Мой иноземный приятель, с любопытством присматривавшийся к непонятным для него русским людям, спросил Н.Н., собирается ли она писать о том, что пережила. Она ответила "нет". Он удивился: почему? Она сказала, что занята. Он заинтересовался: "Чем?" - и получил ответ: "Я живу..." Ее ответ точно соответствует действительности. В молодости жажда жизни, вероятно, была в ней не менее сильна, чем сейчас. Мне Н.Н. помогла освободиться от остатков скованности и страха, что не так просто. Ахматова, например, осталась во власти страха до последних дней. В больнице, где она лежала перед смертью, она выслушивала новости о деле Синявского и Даниеля и боялась, что то же самое случится с ней за напечатанный за границей "Реквием". Благодаря Н.Н. я полностью победила страх, хотя знаю, что случиться может что угодно. С нас требуют сейчас немногого: нас не трогают, если мы скрываем преступления прошлого и настоящего. Мы должны делать вид, что невинны, как младенцы, и твердо верим, что начальники наши ходят в белых ризах. Нам запрещено только действовать, говорить, а тем более писать. По сравнению с прошлым мы живем как в раю, но почему-то не удовлетворяемся этим раем. Подобно собачке из анекдота, нам хочется иногда полаять. Пора бы понять, что лаять "не положено".
Я запомнила разговор с Н.Н., когда мы шли по улице Герцена из консерватории. Это происходило в конце пятидесятых годов. Она сказала, что собирается жить как ей вздумается и не будет считаться "с ними". Приспосабливаться к их требованиям она не будет... Немногие тогда
[585]
успели освободиться от гипноза, но такова сила этой женщины, что общение с ней расковывает внутренние силы омертвелых людей. Услыхав ее слова, я поняла, что она наверстывает годы, потерянные в лагерях и в мерзостных ссылках, когда даже она не смела поднять головы. Невольно я сделала вывод и для себя - ведь и мне надо было наверстать годы молчания и бездействия. Ко мне внезапно пришло освобождение. Как это случилось, я не знаю, но это произошло на улице Герцена после ее слов.
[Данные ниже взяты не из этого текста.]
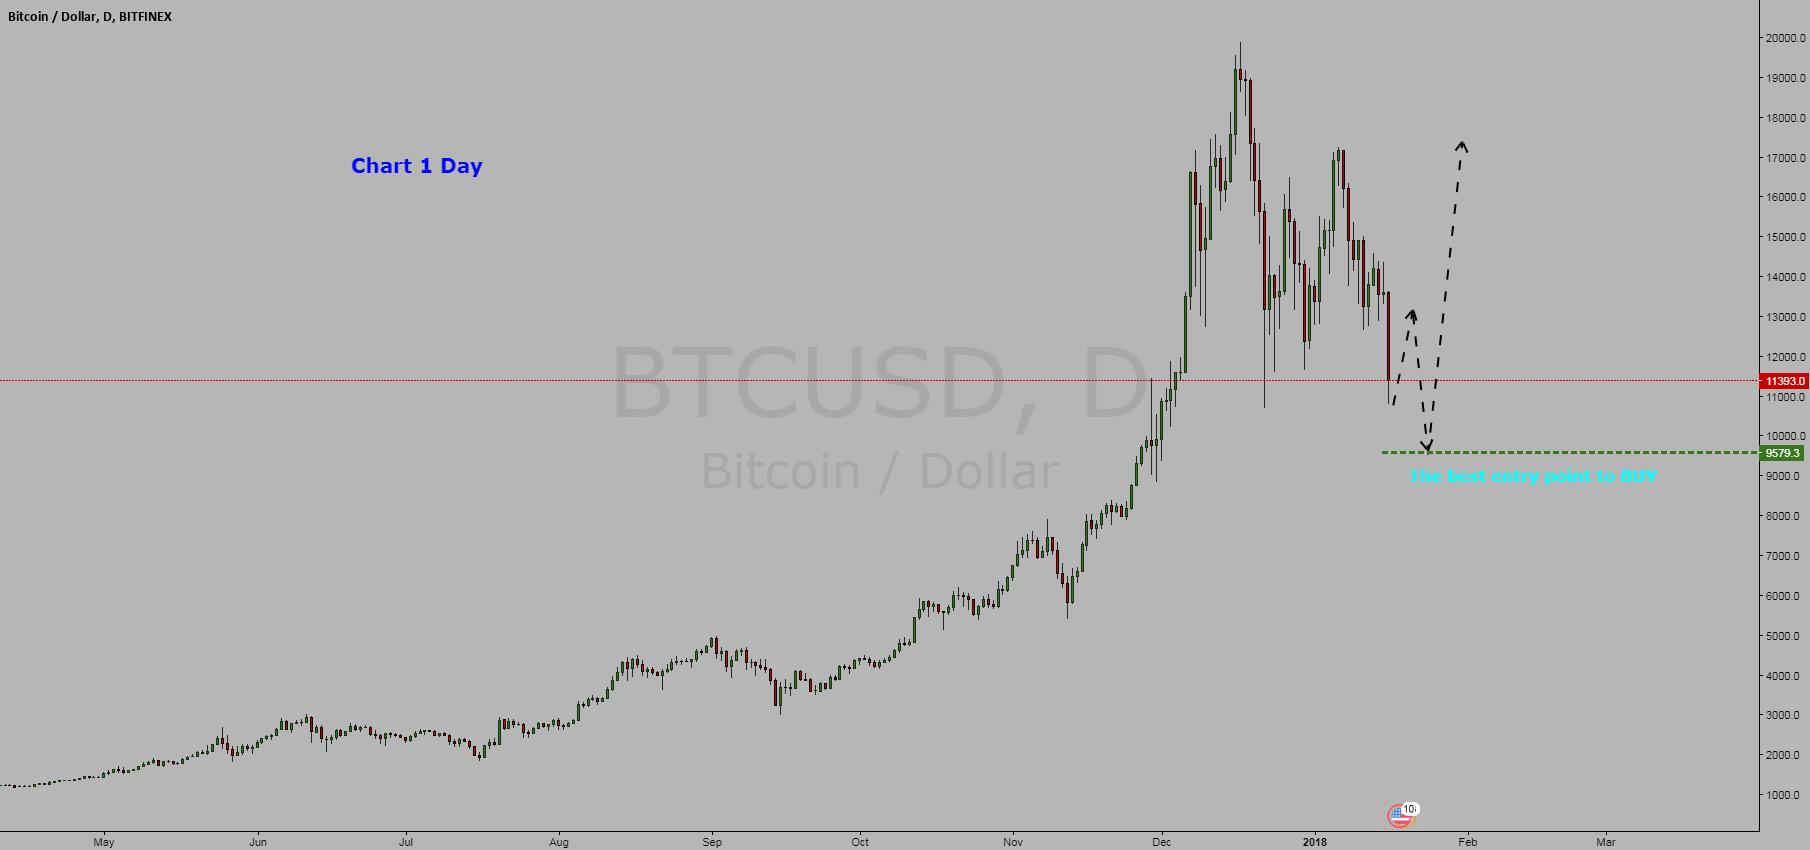 Cryptocurrency Bitcoin / Dollar = BUY

Откуда у Н.Н. независимость и внутренняя свобода?.. Дочь своего времени, она не верит ни во что, в частности ей смешно слышать про ценностные понятия и их незыблемость. Все это для нее фикция, а добро и зло - отвлеченные категории, о которых она никогда не задумывалась. Эти понятия не вмещаются в ее трезвый ум. Я спрашивала ее: "Почему же вы поступаете хорошо, а не плохо?" Она не задумываясь ответила: "Потому что мне так хочется..." Я пасую перед таким своеволием. Героизм ей противен, жертвенность - лживая канитель, но в силу внутренней свободы она способна на поступки, которым нет названия на ее языке.
Во время следствия Н.Н. с железным упорством отвергала предложения следователя, которые могли бы избавить ее от лагеря. Приговор был заготовлен, но из-за пяти имен следователь чуть не попал в цейтнот - дела ведь ведутся по графику и каждому полагается свой срок. Он решил прибегнуть к экстренным мерам и передать упрямицу своему коллеге, азербайджанцу, прославленному мастеру упрощенного допроса, или "заплечных дел", как говорили в старину. Среди заключенных о нем ходили легенды. Говорили, что он пытает собственноручно и умеет выбить любые показания. В "Разговоре о Данте" Мандельштам сказал, как пользуется власть устрашающими рассказами о тюрьмах. Это психологическая артподготовка, которая облегчает следователю его утомительный, но хорошо оплачиваемый труд. Такие рассказы у нас поощрялись, но при случае за них могли дать любой срок или "вышку" как за подрывную деятельность.
В кабинете знаменитого следователя Н.Н долго стояла и ждала. Заключенных часто заставляли стоять, пока у них не затекали ноги и не делались вроде кувалд. Н.Н.